**Task item**
Would you output the following records verbatim and skip the images in them?

- Opening Delimiter -

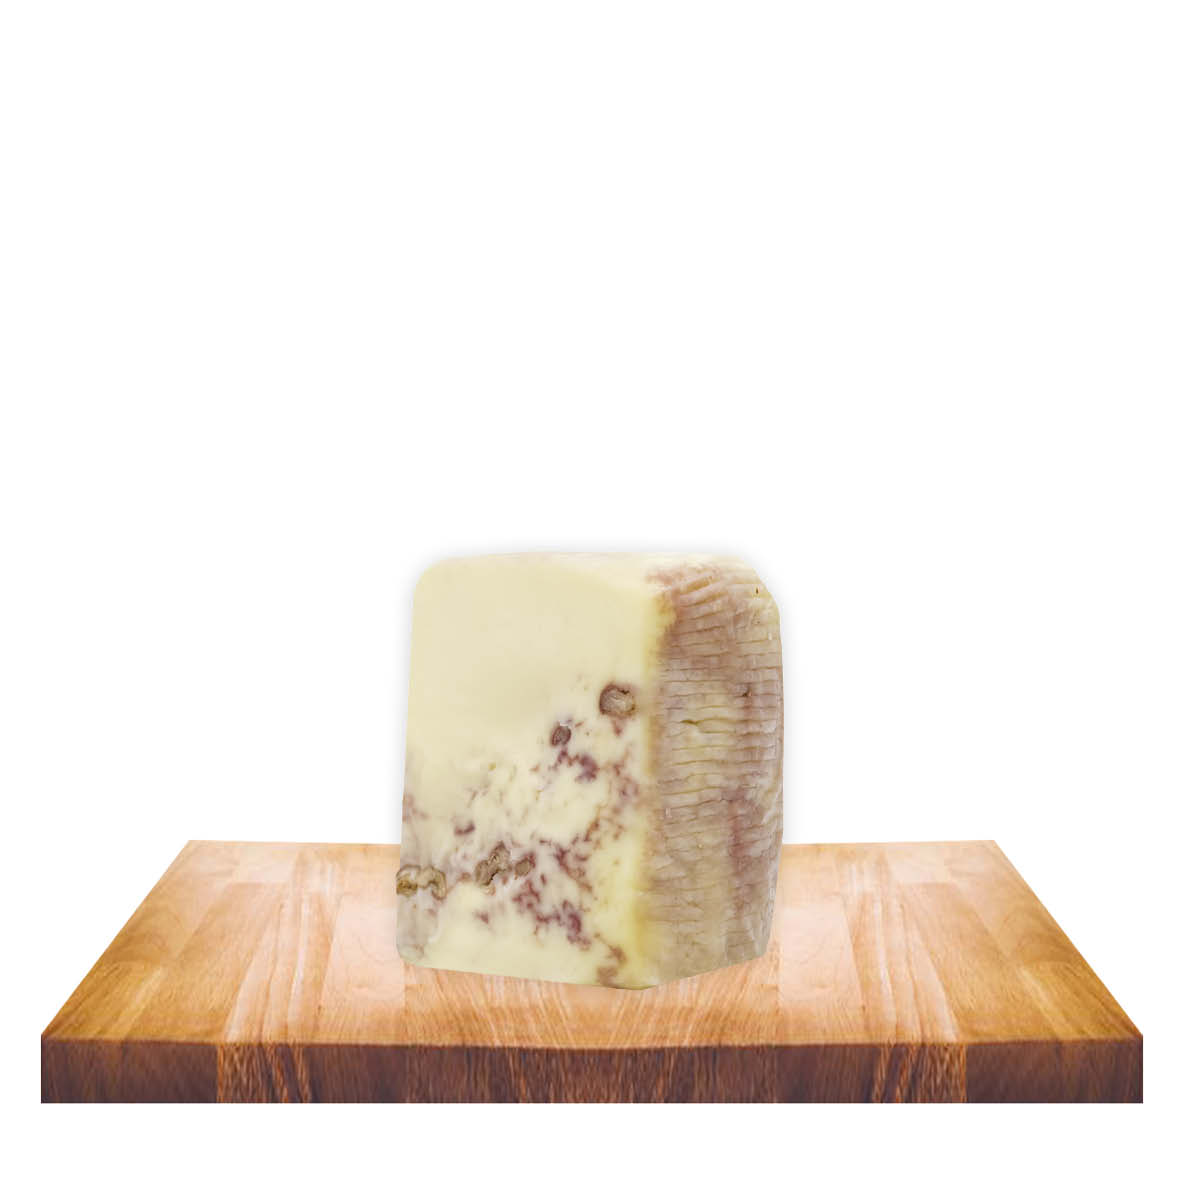 Primo Sale cheese with walnuts
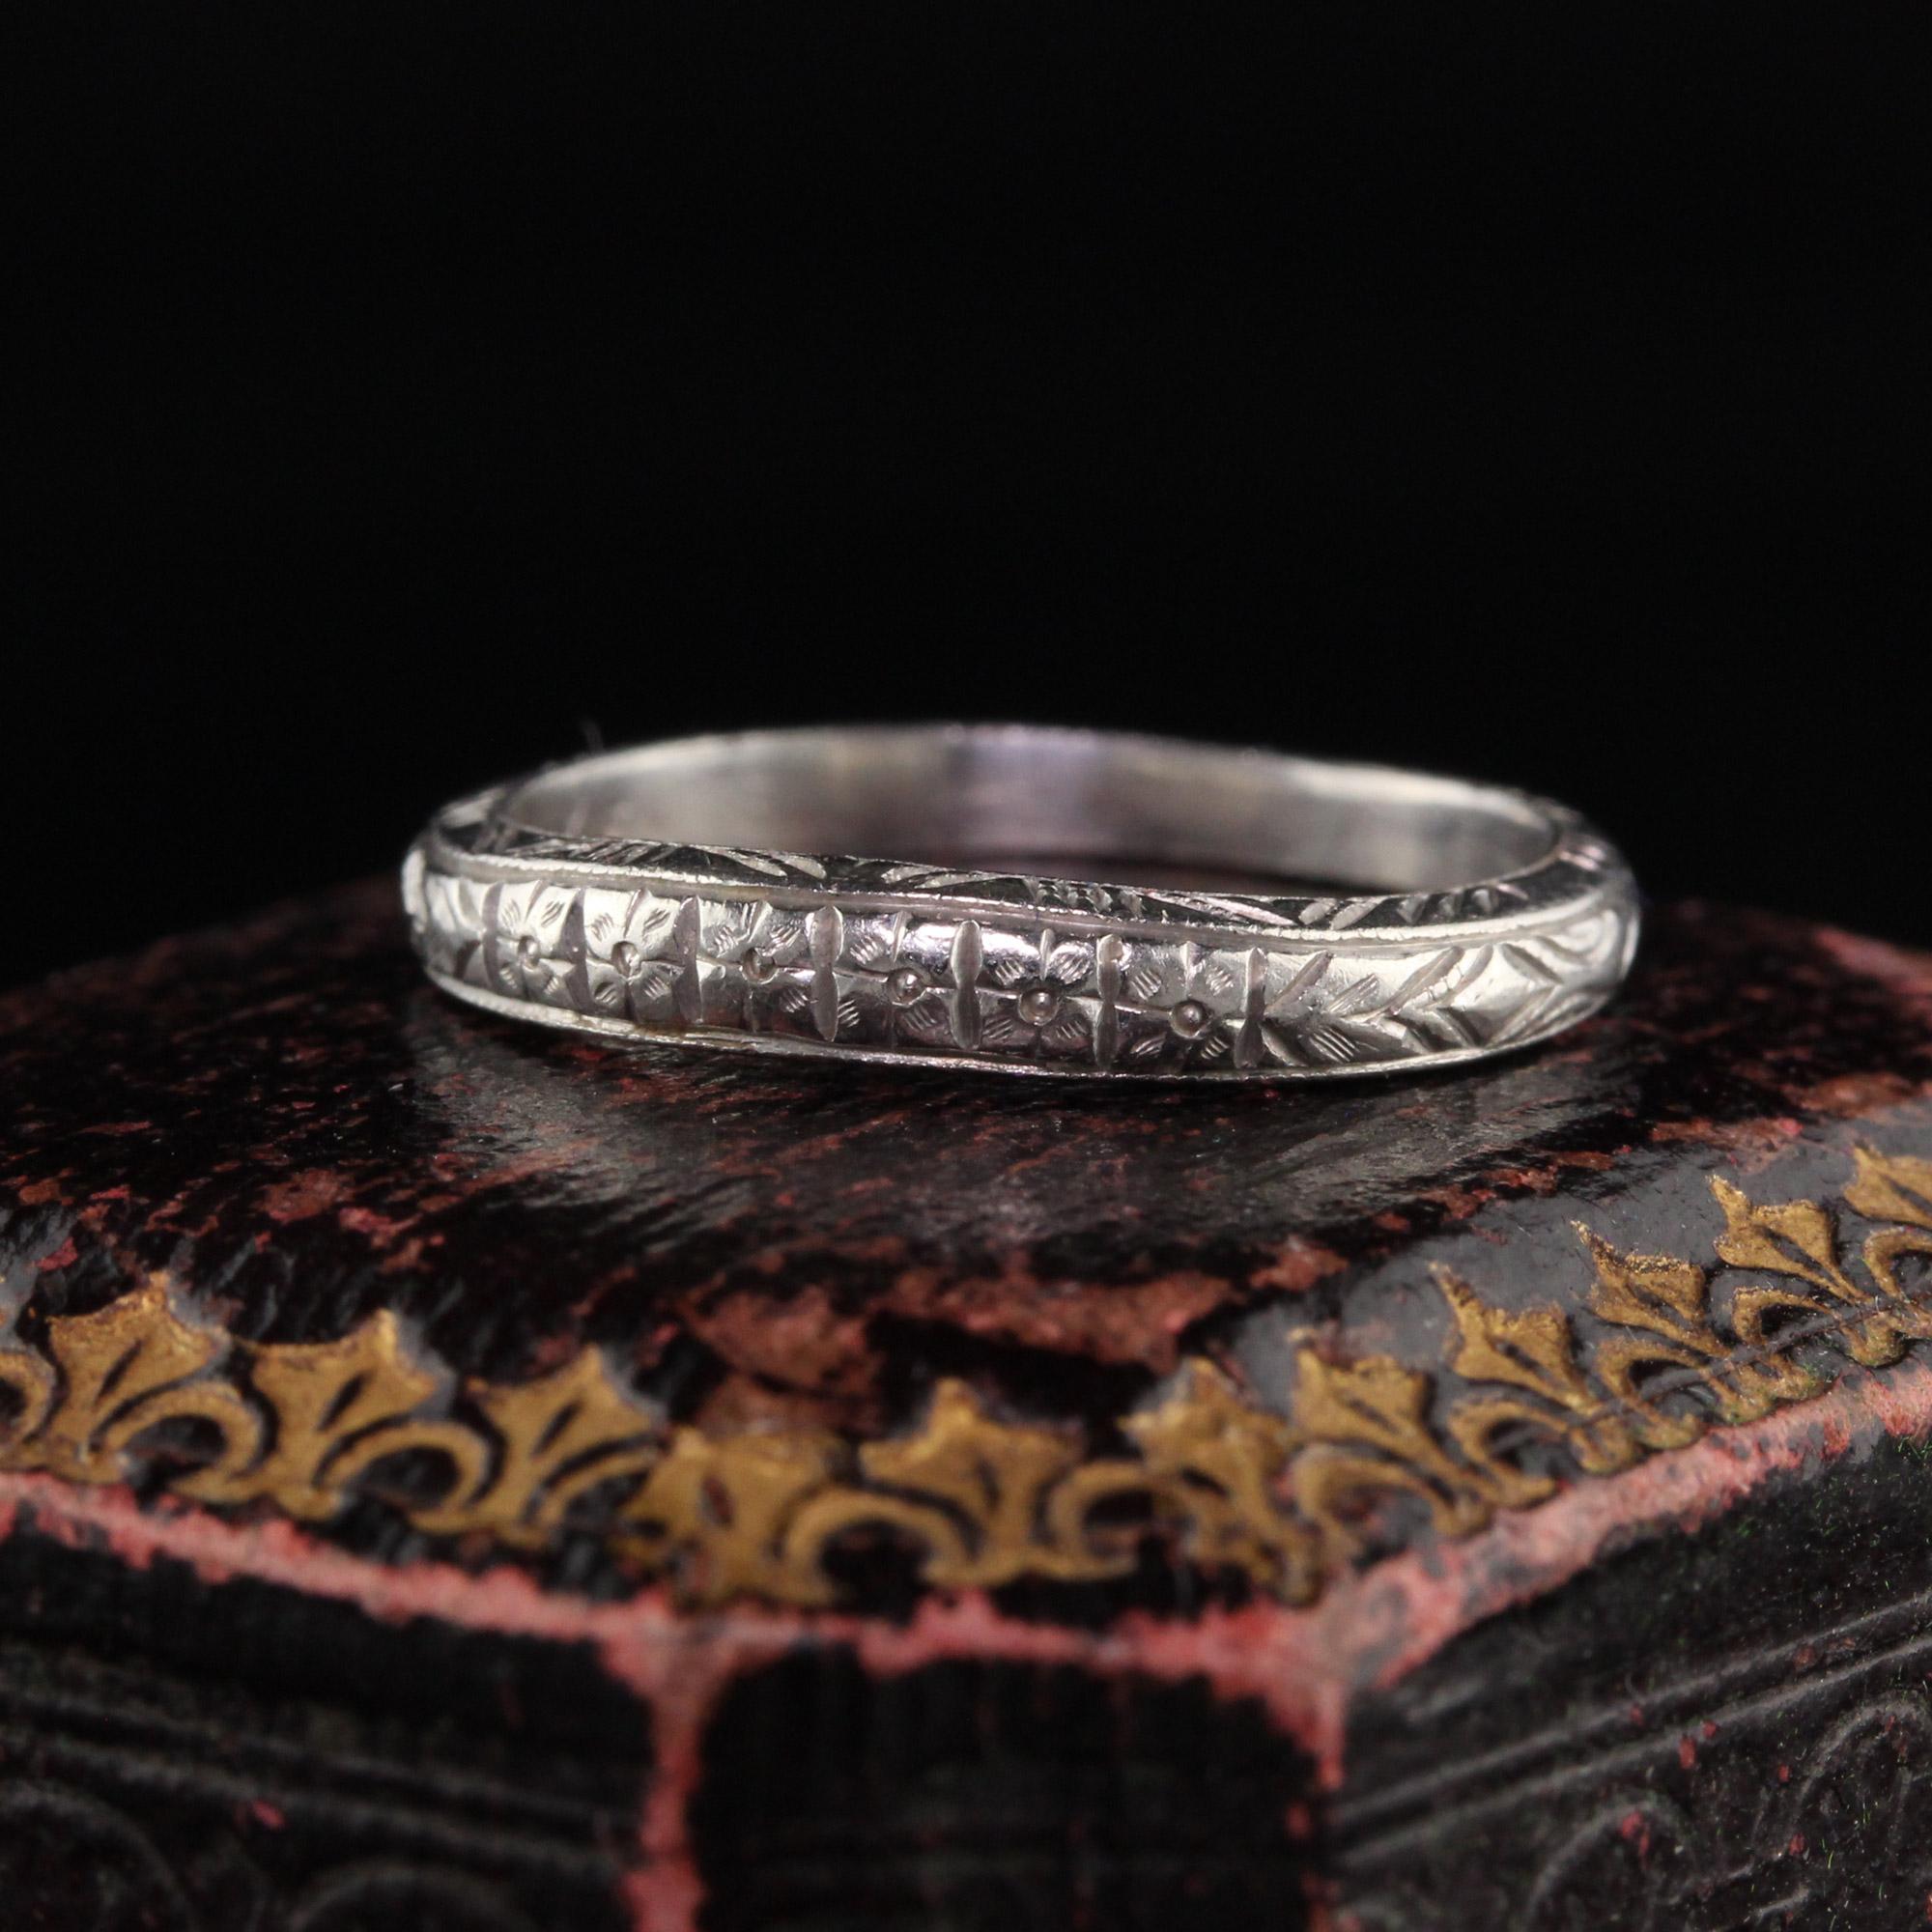 Beautiful Antique Art Deco Platinum Engraved Curved Wedding Band. This gorgeous Art Deco wedding band has engravings going around the entire ring. The top of the band has a slight curve to it.

Item #R1169

Metal: Platinum

Weight: 3.1 Grams

Size:

- Closing Delimiter -

**Result of the task**
 Primo Sale cheese with walnuts
 Beautiful Antique Art Deco Platinum Engraved Curved Wedding Band. This gorgeous Art Deco wedding band has engravings going around the entire ring. The top of the band has a slight curve to it.

Item #R1169

Metal: Platinum

Weight: 3.1 Grams

Size:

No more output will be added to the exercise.